Can the 2013 infield be one of the Top 10 in Mets history?

The Mets’ outfield is a mess and barring an unforeseen change in plans by the front office, it does not appear to be getting better any time sooner. But today let’s not scheme about ways to fix the outfield. Instead, let’s celebrate a stable infield and speculate on what could be if everyone stays healthy and produces.

The 2013 Mets have a chance to put an above-average player at all four infield positions. That’s a pretty rare thing in franchise history. In fact, it’s only happened twice in the previous 51 years the team has been in existence.

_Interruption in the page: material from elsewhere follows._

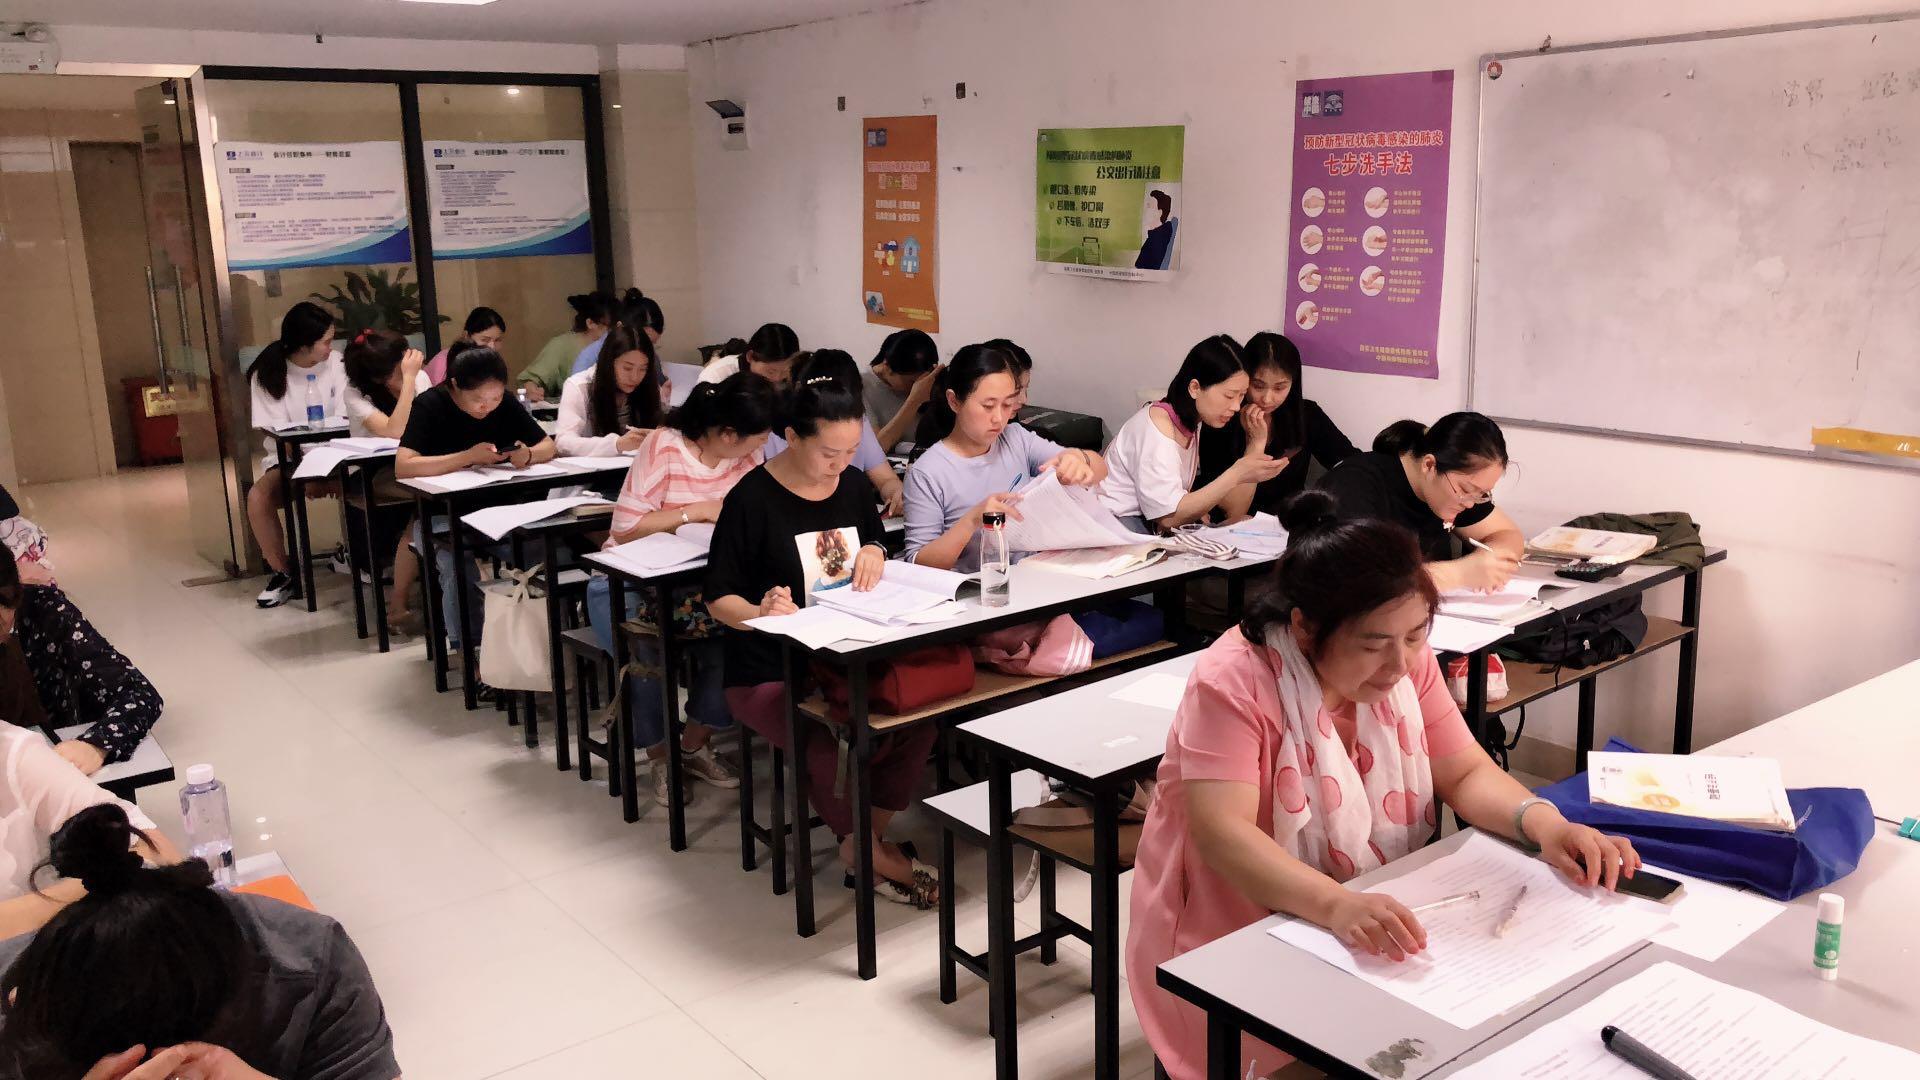 千赢国际网页手机登录学习会计考证会计实操到上元教育职业教育专业品牌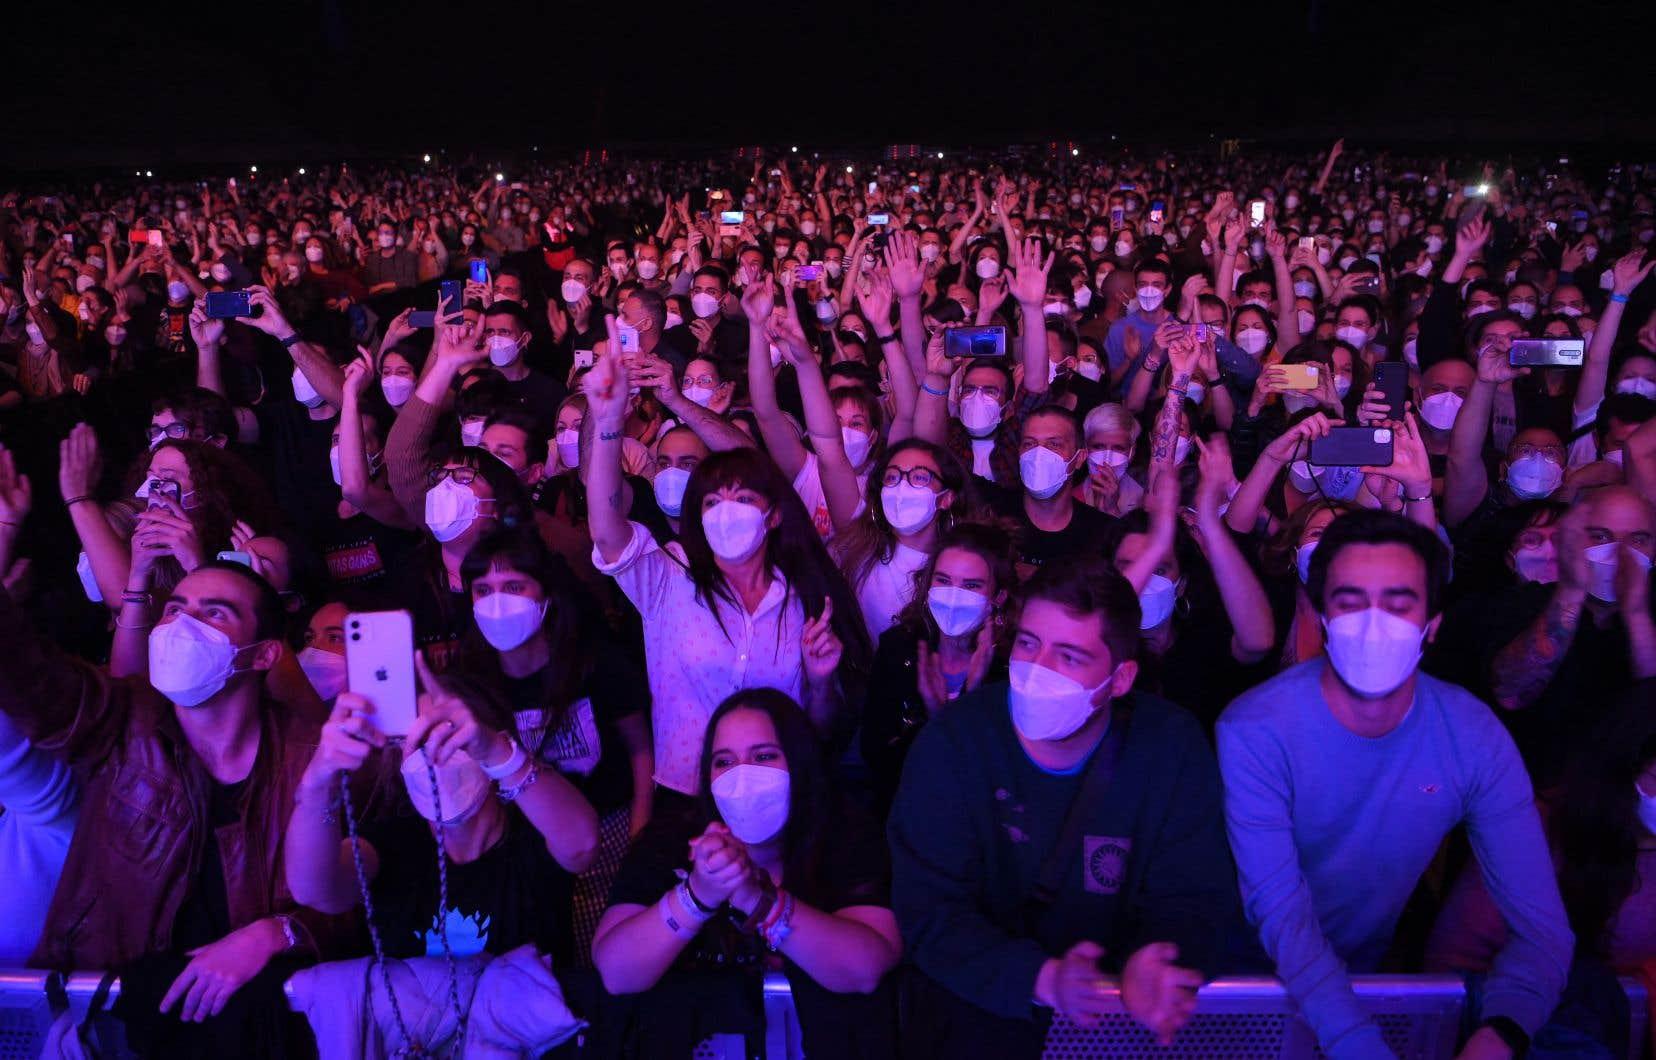 Deux semaines après le concert-test du 27 mars, «il n'y a aucun signe qui suggère qu'une transmission [du coronavirus] a eu lieu pendant l'évènement, ce qui était l'objectif de cette étude», selon les organisateurs.

Take a minute to think about which two infields hold that distinction.

Meanwhile, let’s look at the 2013 edition.

Ike Davis hopes for his first healthy year since 2010. He was extremely productive over his final 394 PA last year.
Daniel Murphy hopes a full season under his belt at second base can make him more relaxed both in the field and at the plate.
David Wright has the security of a new long-term deal. Hopefully he can get back to the player he was in April and May.
Ruben Tejada just needs to do what he does over a full season without wearing down.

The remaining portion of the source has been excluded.